A 3.5 year fully funded PhD Studentship in Electronic Engineering (RF/Microwave Engineering) is available at Lancaster University Engineering Department, a top 10 UK University, in collaboration with Nottingham University, University of Queensland, and an industrial partner: Pulseteq Ltd.

Recently, US President Barack Obama unveiled a $100 million investment plan to fund a brain-mapping study from 2014, hoping that brain research through innovative neurotechnologies will eventually yield methods of treating, preventing and curing many brain disorders such as Alzheimer’s, autism and traumatic brain injury. Ultrahigh field Magnetic Resonance Imaging scanners (MRI), such as 7 Tesla MRI, will become a valuable and important tool to map the whole-neural-circuit activity with functional MRI technology.
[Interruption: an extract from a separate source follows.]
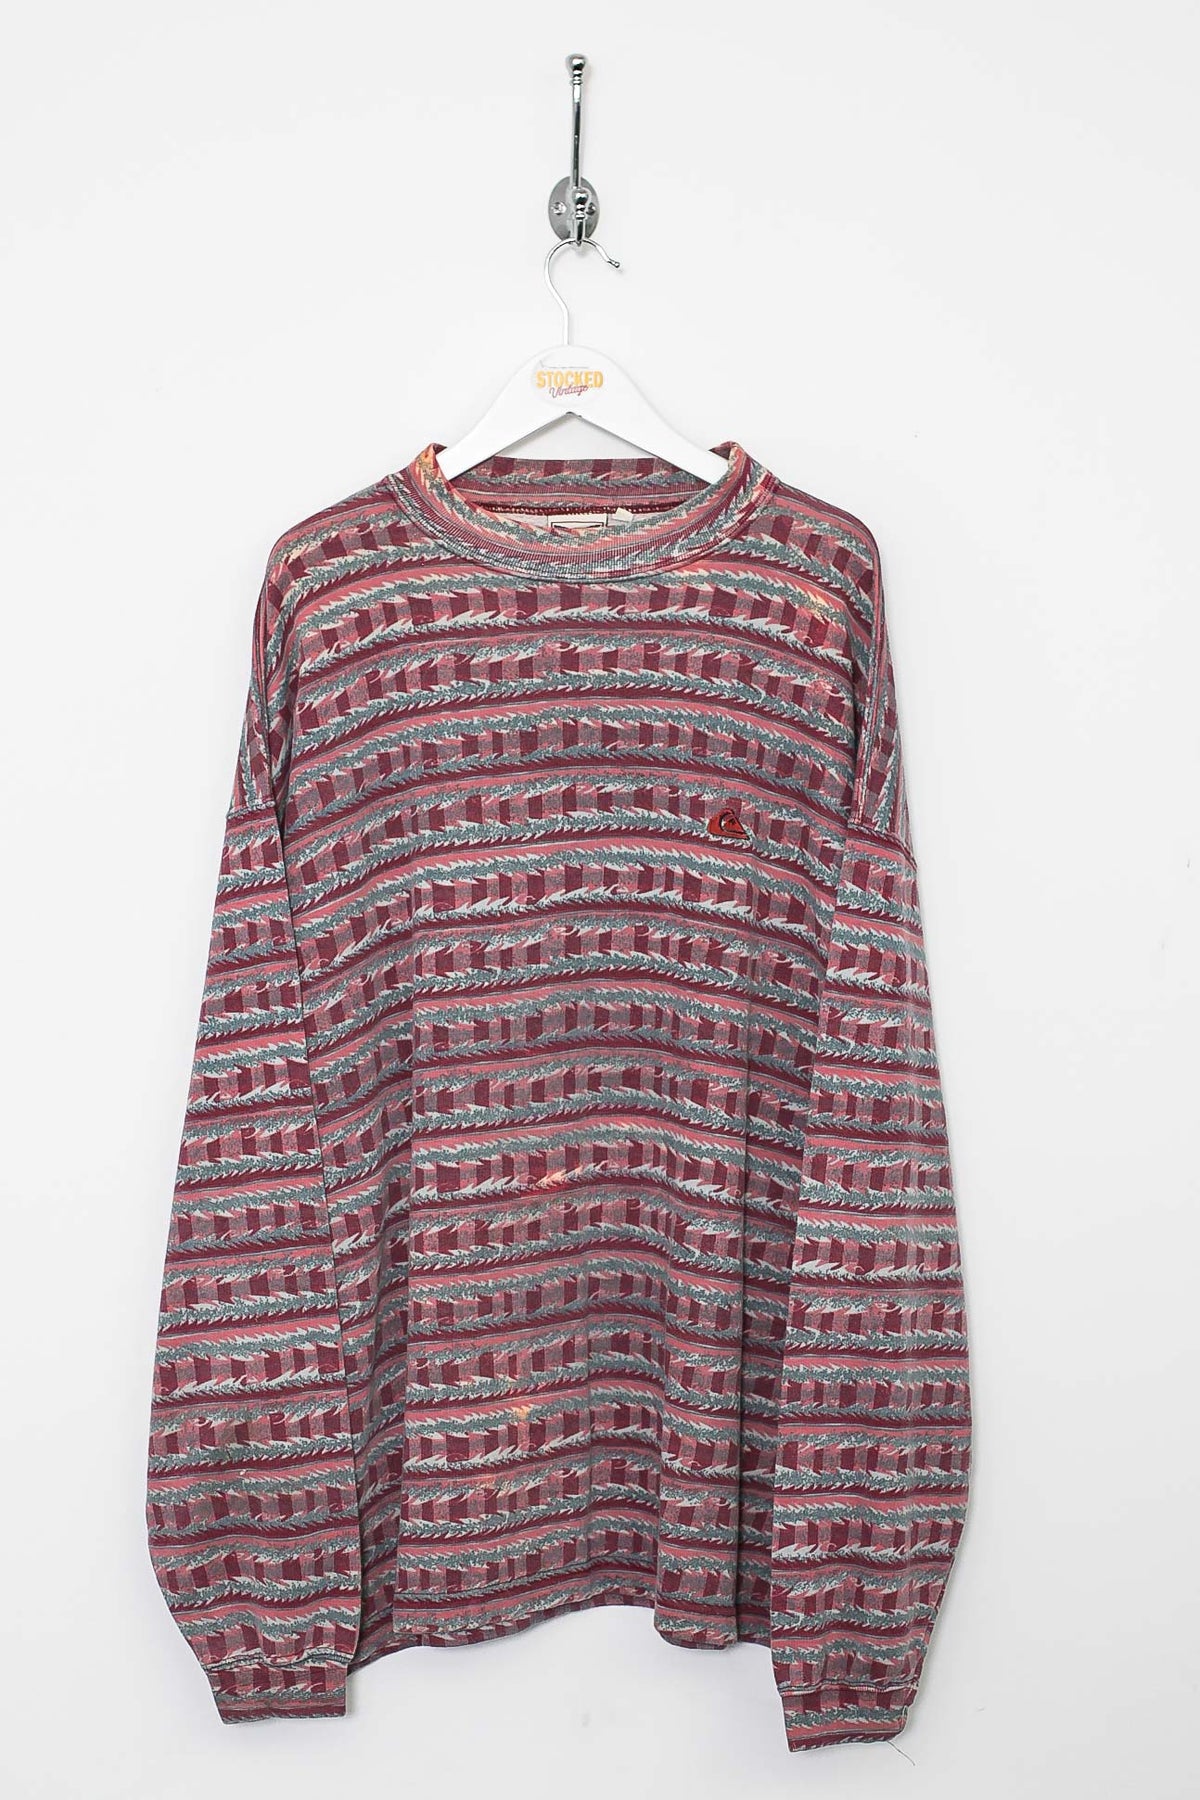 90s Quicksilver Abstract Sweatshirt (L)

To ensure what an MRI measures is an accurate reflection of what we want to know about how the brain works, it becomes of paramount importance to develop advanced technology to solve the current technical challenges presented at 7T: various image artifacts due to the increased inhomogeneity of the magnetic excitation (B_1^+) field, such as central brightening and local hot spots and little excitation in certain regions.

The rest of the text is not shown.